Work request - Only the text should come through, so restate the listing exactly and drop its images.

● ● ● ●

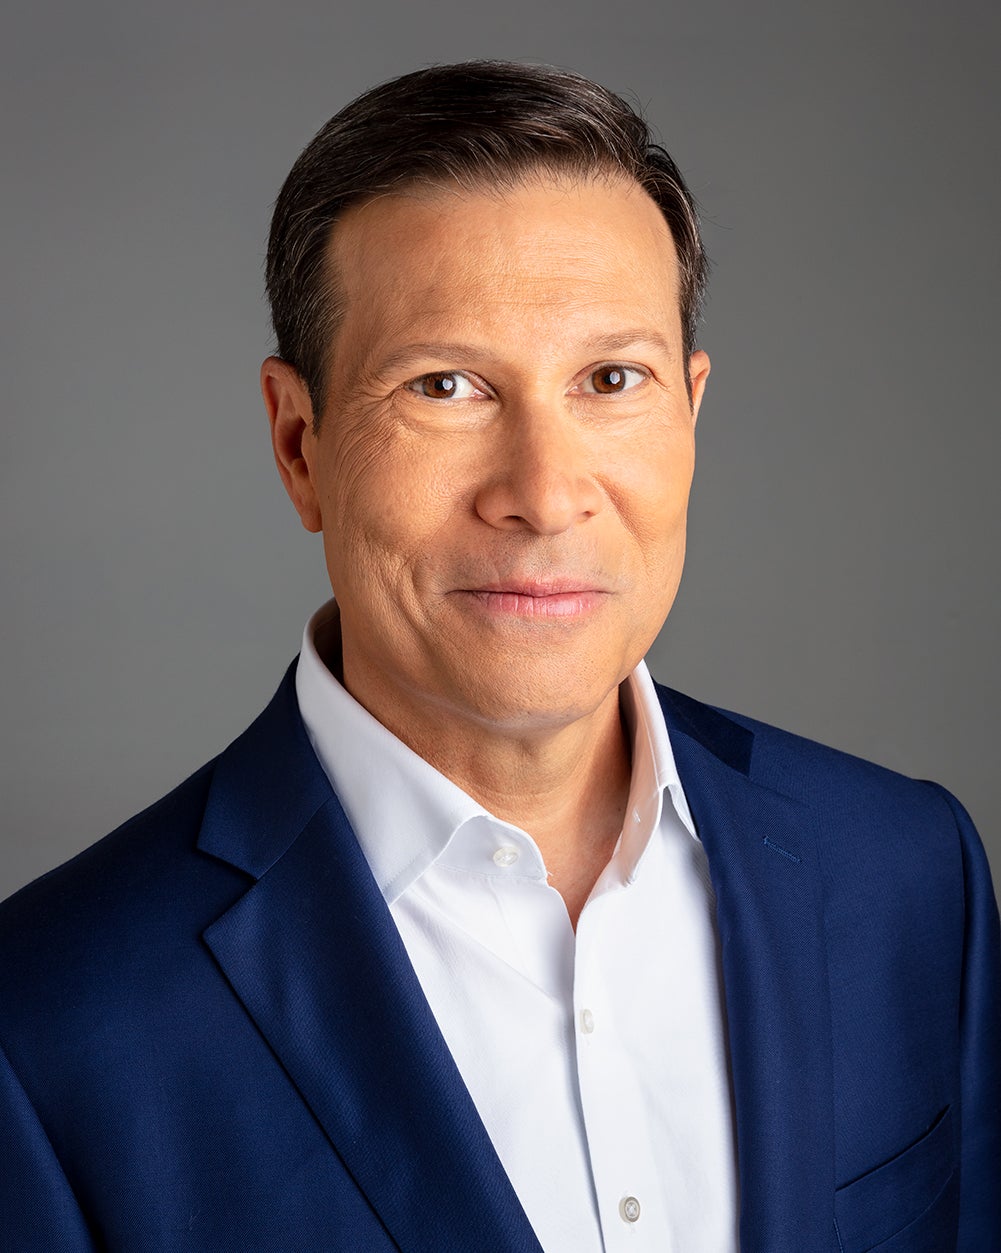 Frank Figliuzzi said his research revealed truckers’ jobs allow them to ‘grab a victim in one jurisdiction, kill them in a second jurisdiction, dump their body in a third jurisdiction – and be on their way before anyone has figured anything out’
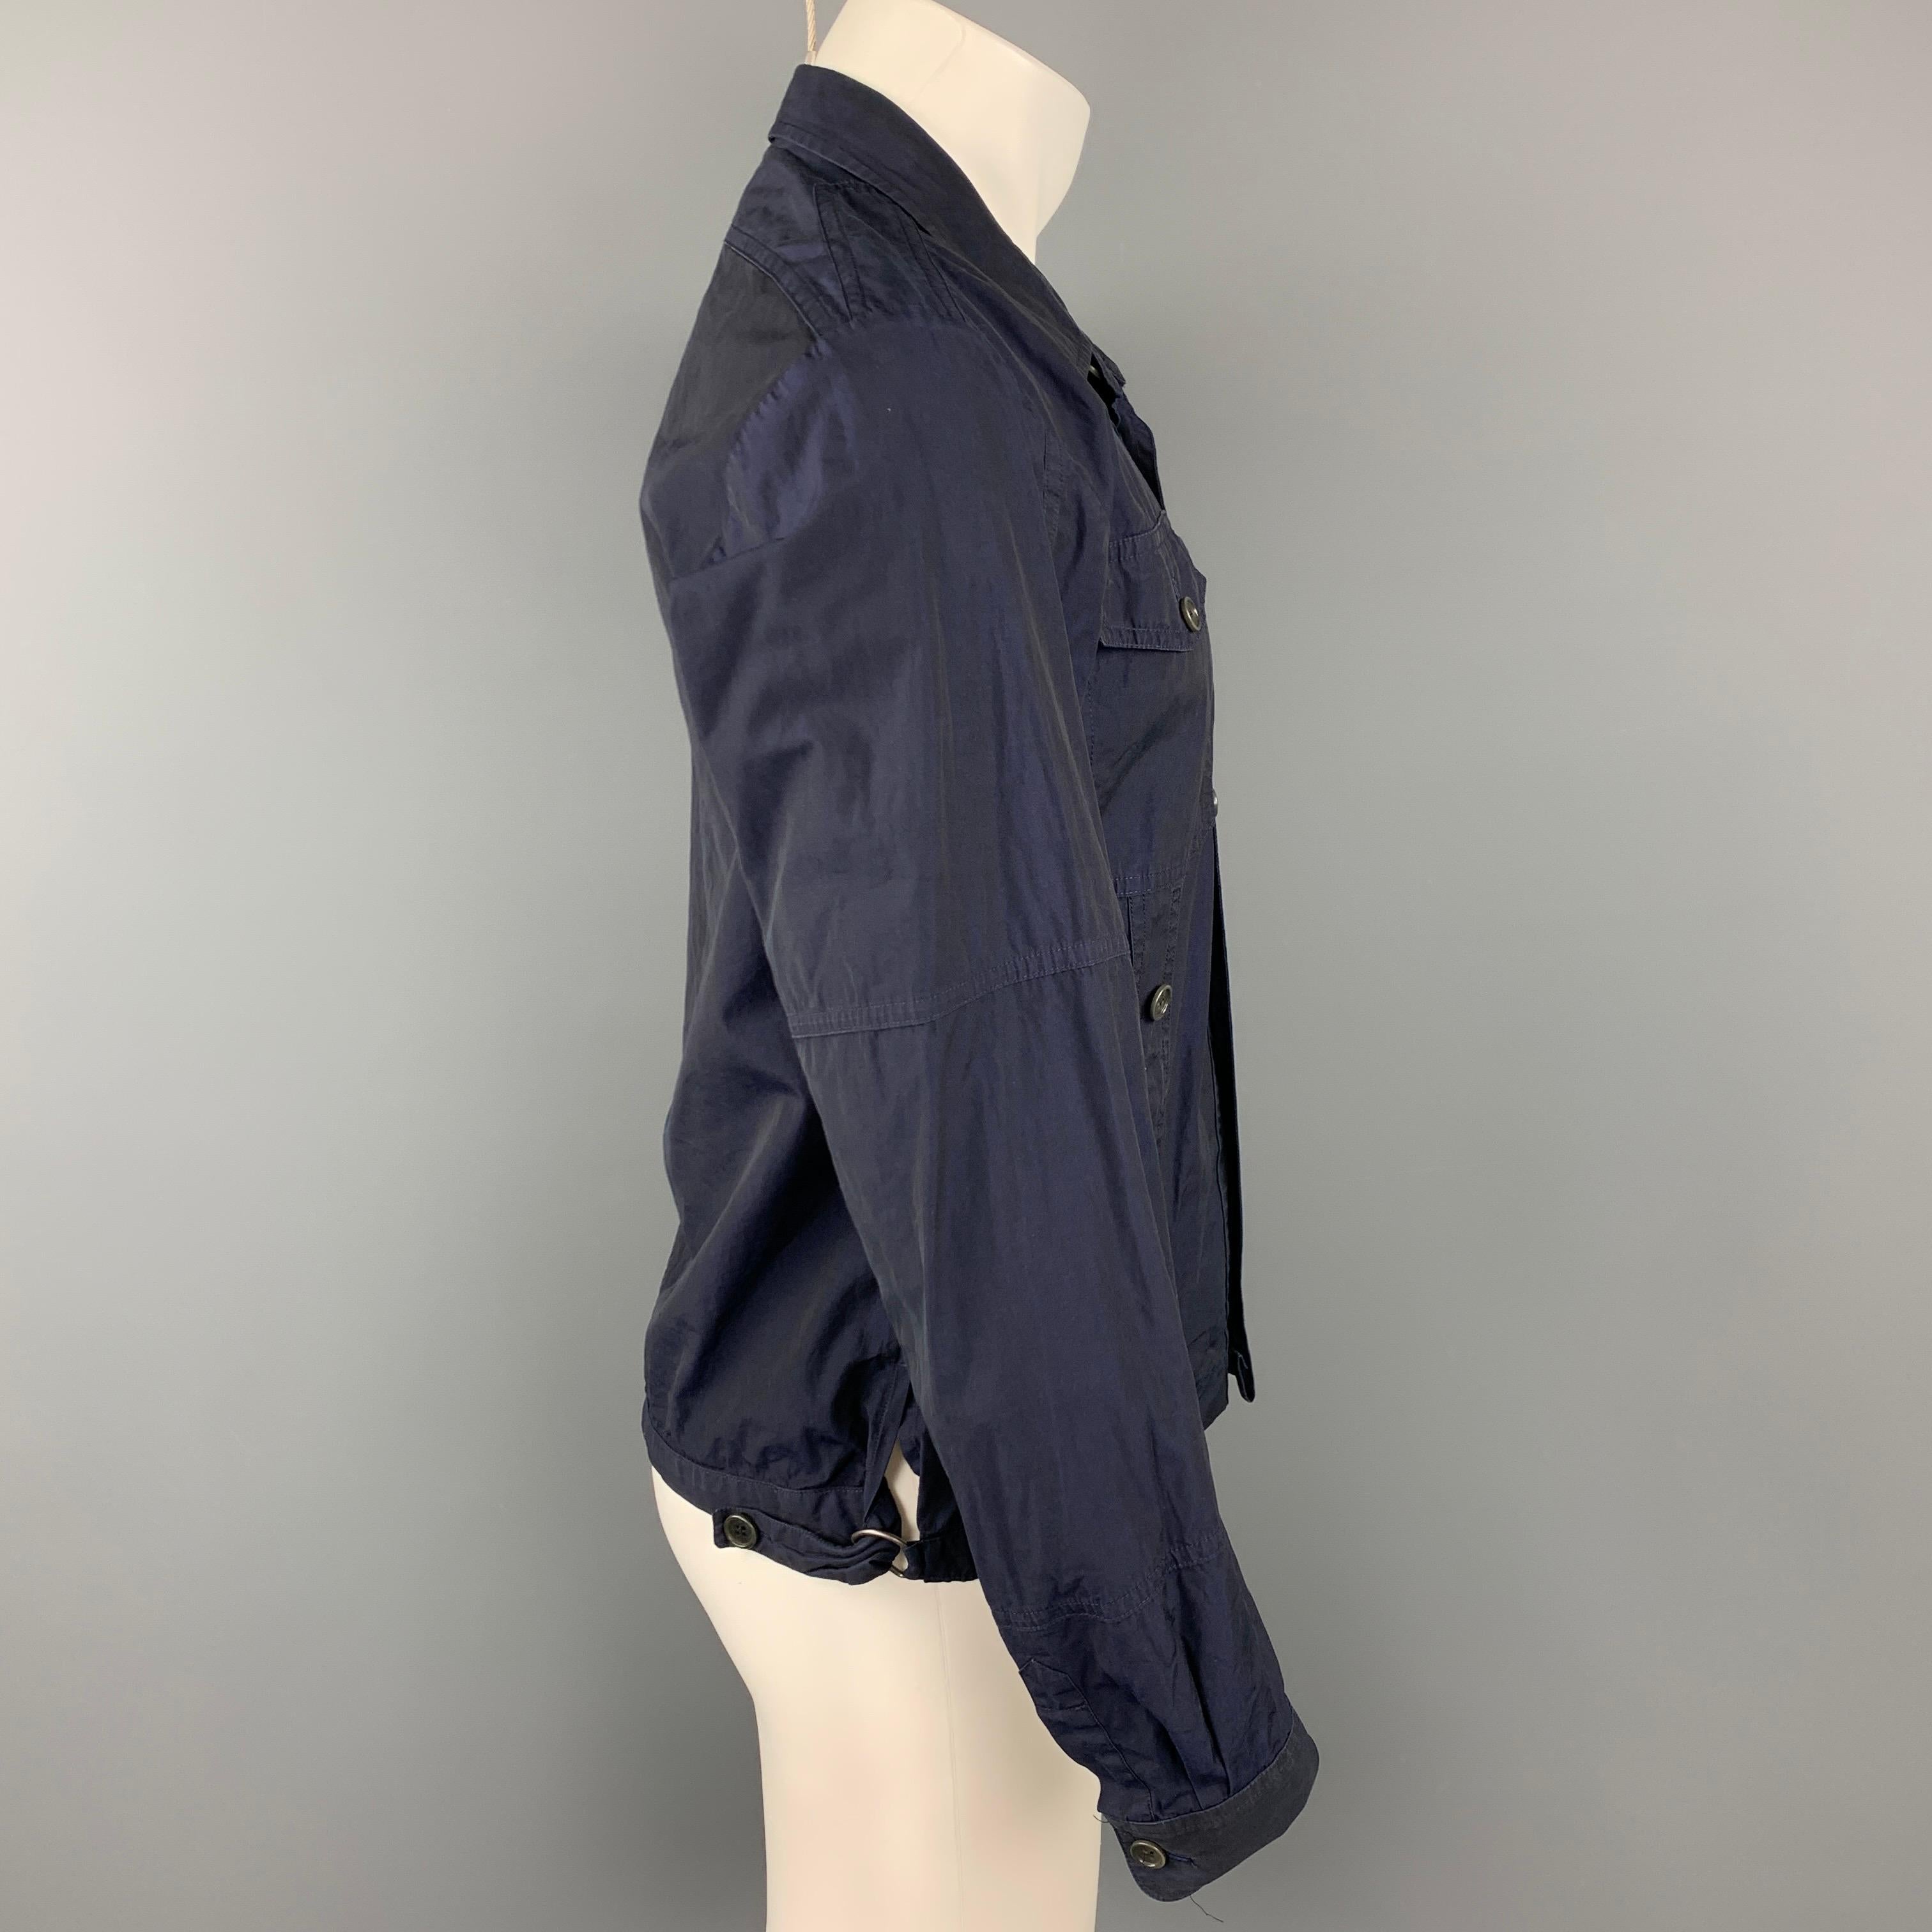 DRIES VAN NOTEN jacket comes in a navy cotton featuring a trucker style, patch pockets, spread collar, and a buttoned closure. Made in Romania.

Good Pre-Owned Condition.
Marked: 50

Measurements:

Shoulder: 17.5 in.
Chest: 40 in.
Sleeve: 26.5

● ● ● ●

Solution to this problem -
 Frank Figliuzzi said his research revealed truckers’ jobs allow them to ‘grab a victim in one jurisdiction, kill them in a second jurisdiction, dump their body in a third jurisdiction – and be on their way before anyone has figured anything out’
 DRIES VAN NOTEN jacket comes in a navy cotton featuring a trucker style, patch pockets, spread collar, and a buttoned closure. Made in Romania.

Good Pre-Owned Condition.
Marked: 50

Measurements:

Shoulder: 17.5 in.
Chest: 40 in.
Sleeve: 26.5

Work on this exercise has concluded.